▶ Activity
Beginning with the line that holds "APPA - American", output every remaining line of the material below exactly, and include none of the pictures.

▶ The data
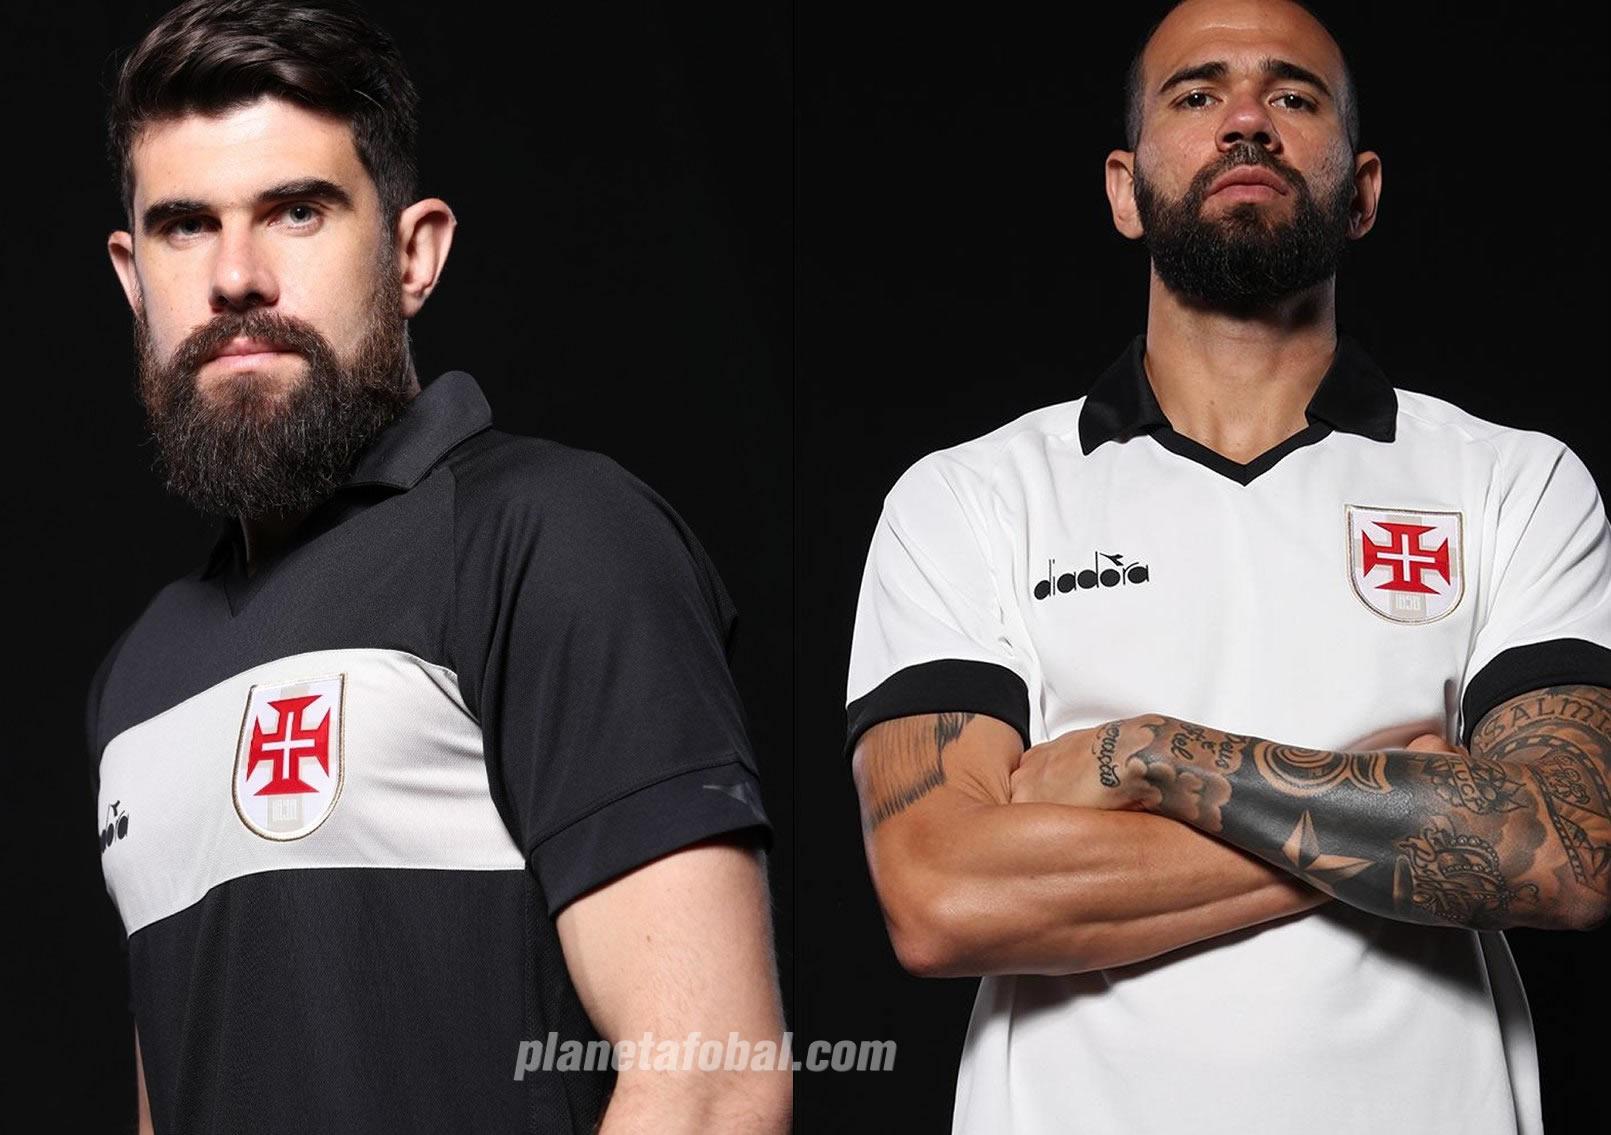 Tercera camiseta Diadora del Vasco Da Gama 2019/20 | Imagen Twitter Oficial
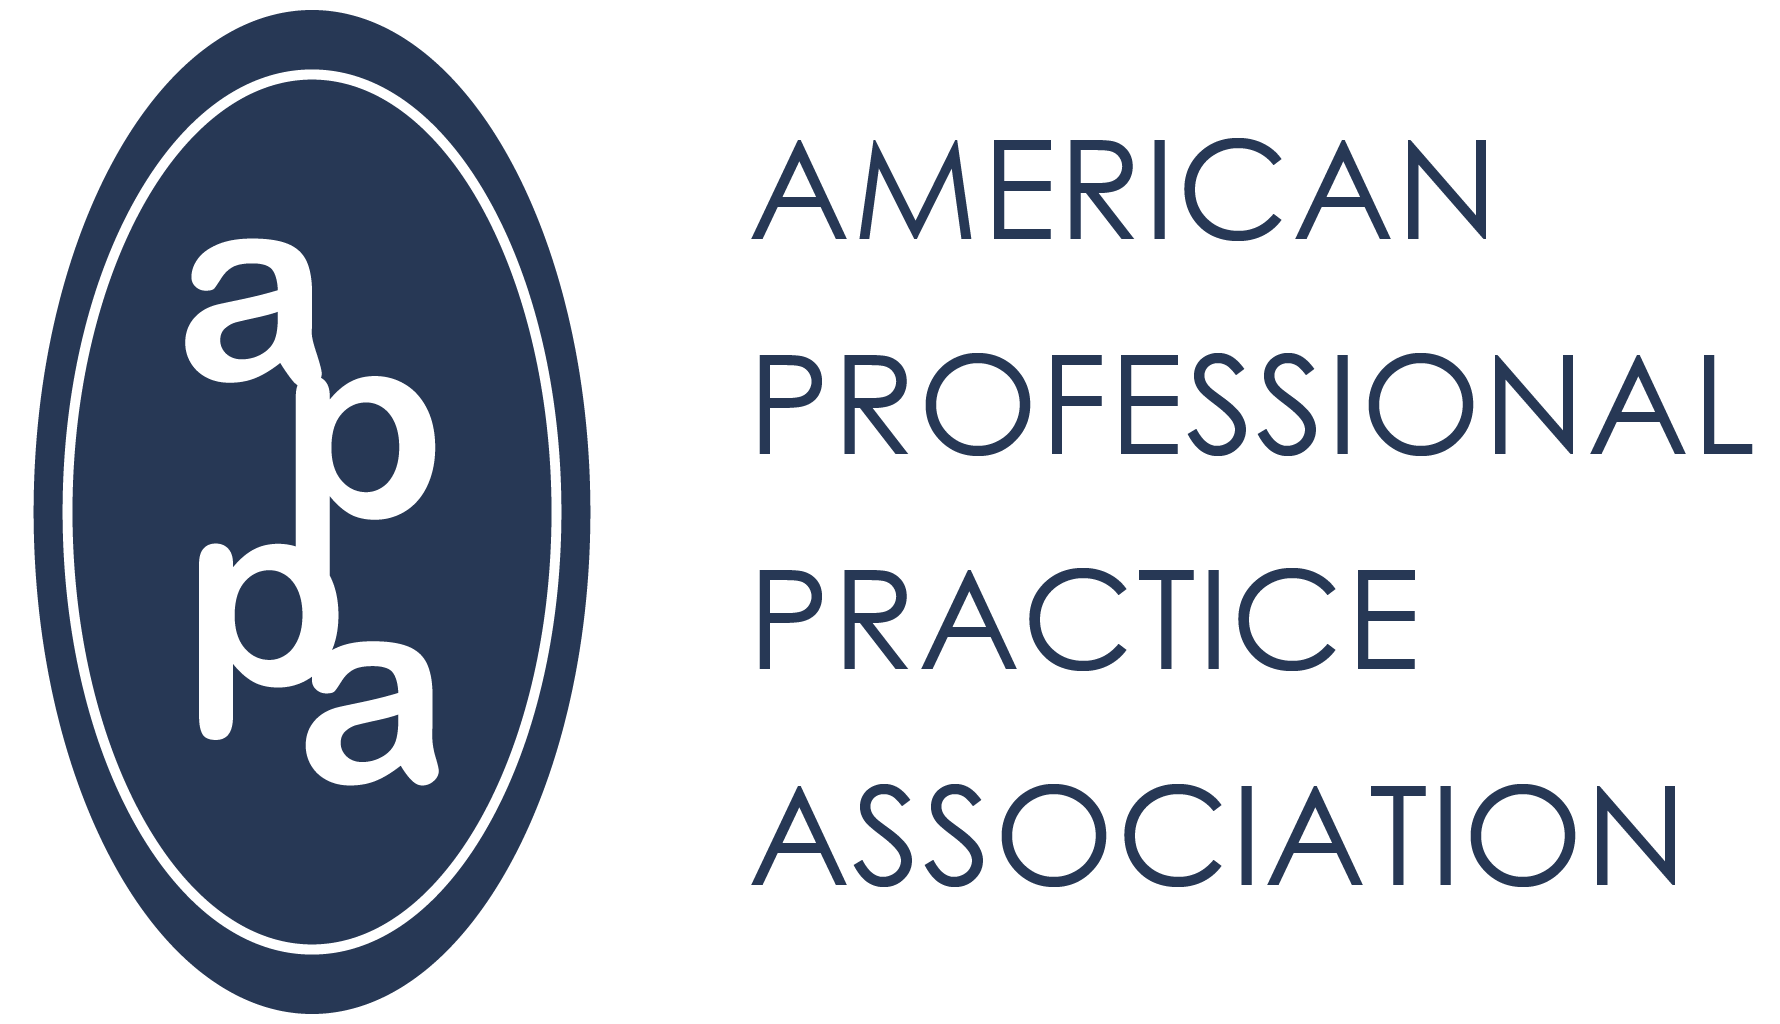 APPA - American Professional Practice Association Logo
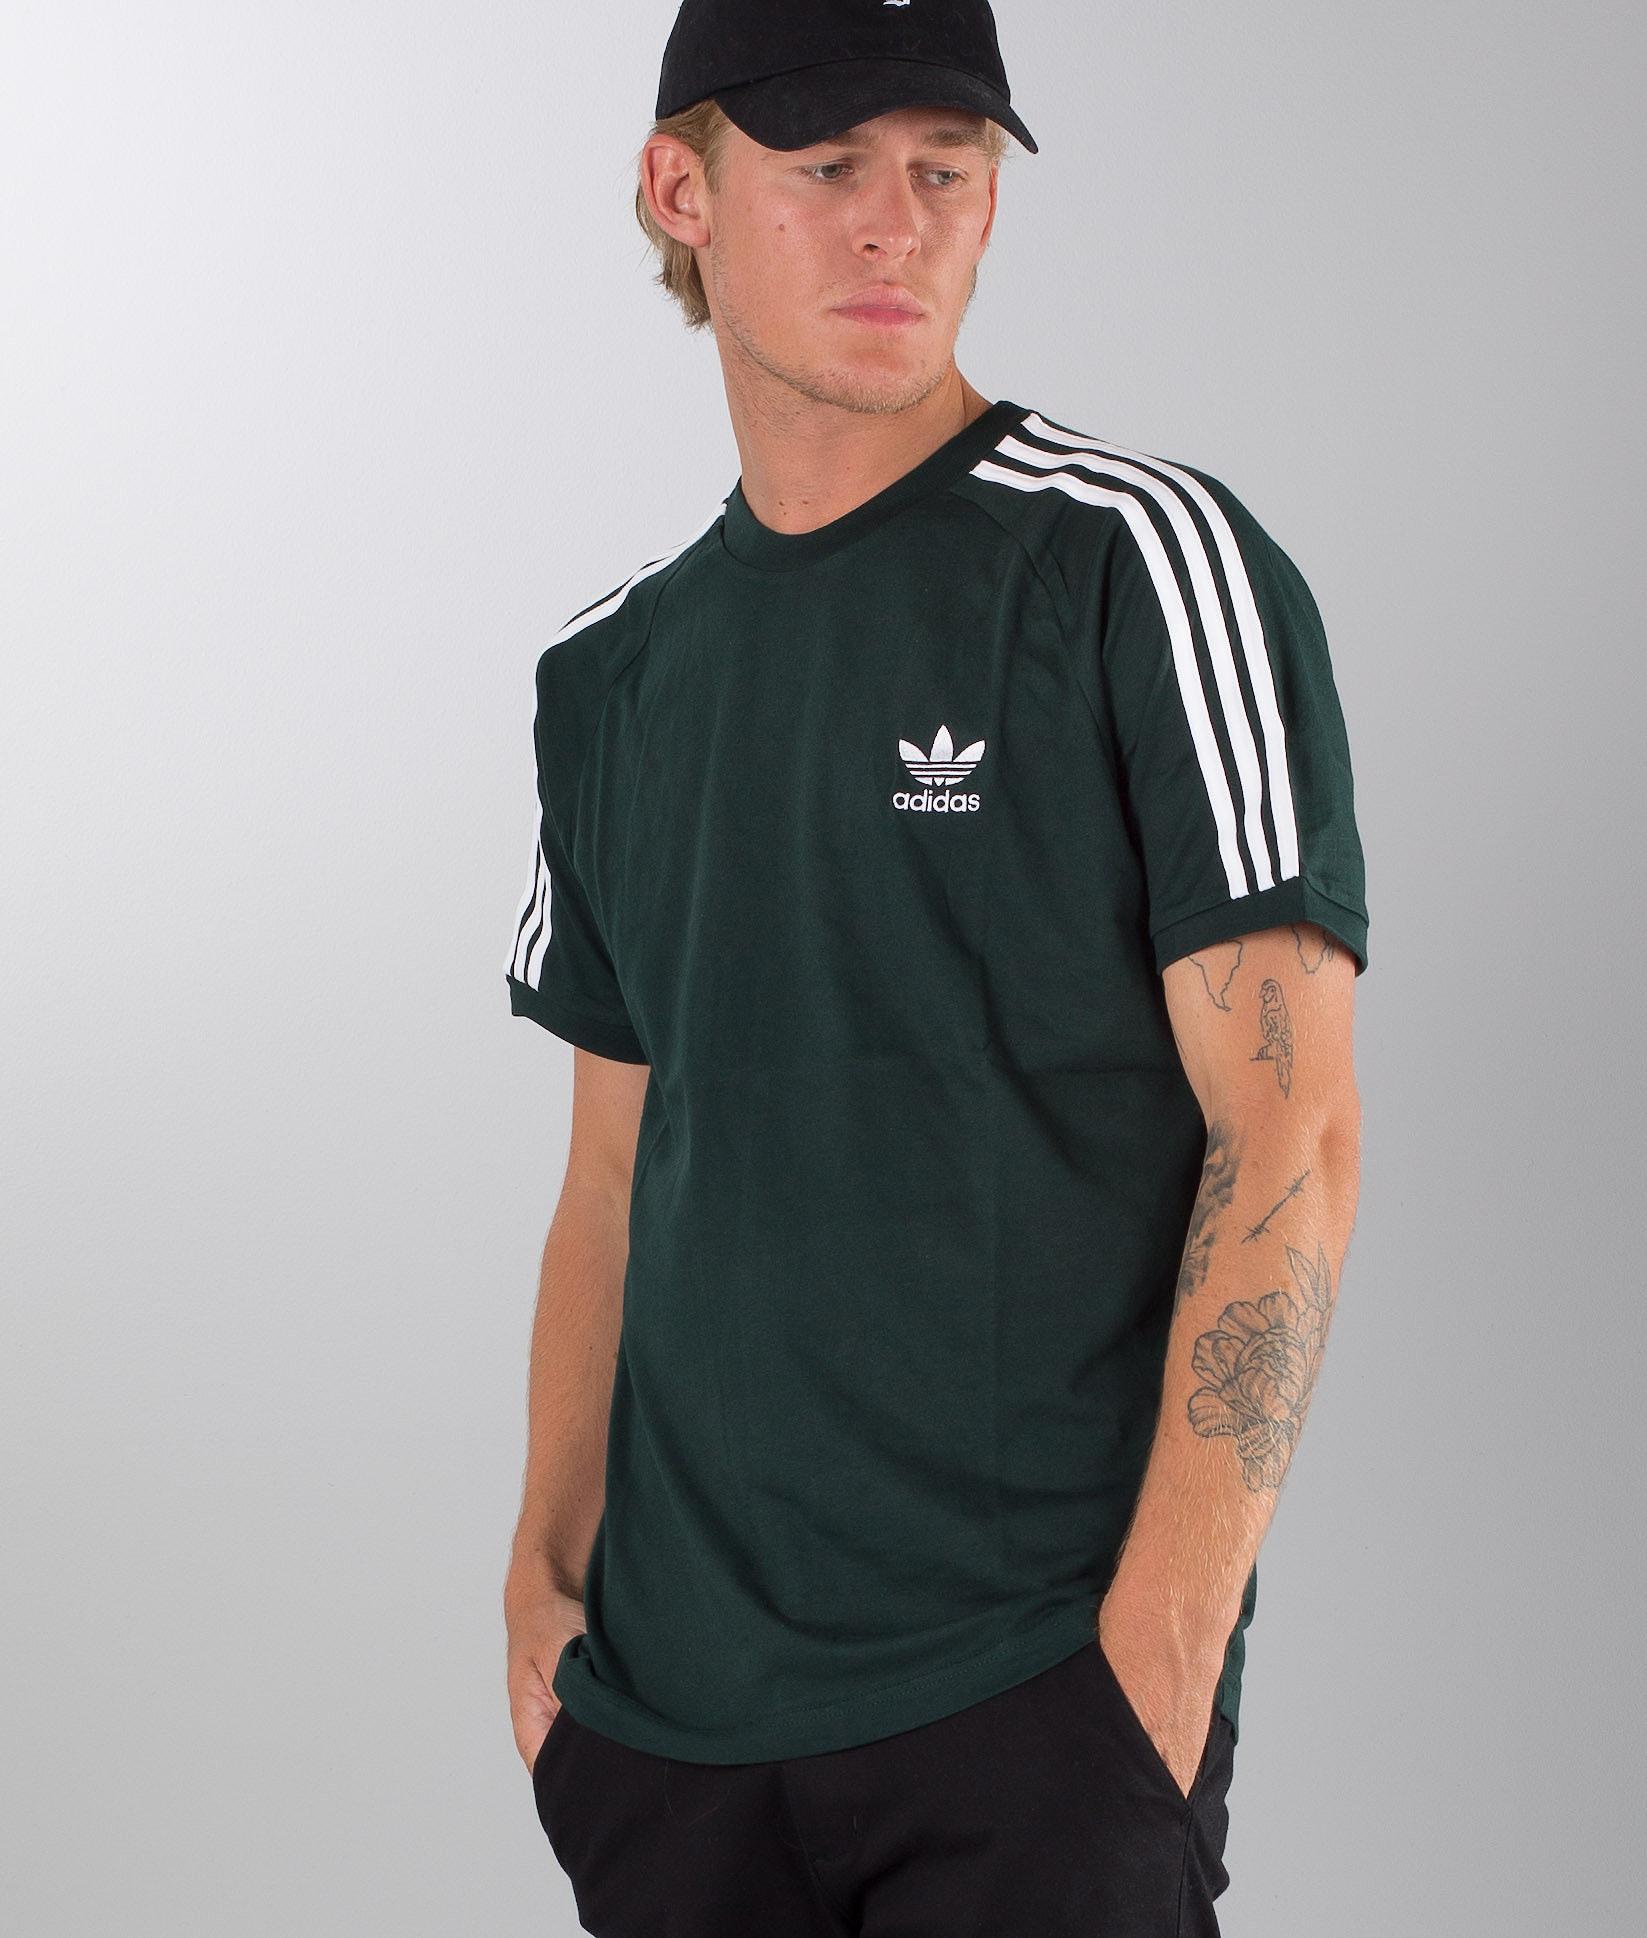 64122f7f269 Adidas Originals 3-Stripes T-shirt Green Night - Ridestore.com

▶ Problem solution
 APPA - American Professional Practice Association Logo
 64122f7f269 Adidas Originals 3-Stripes T-shirt Green Night - Ridestore.com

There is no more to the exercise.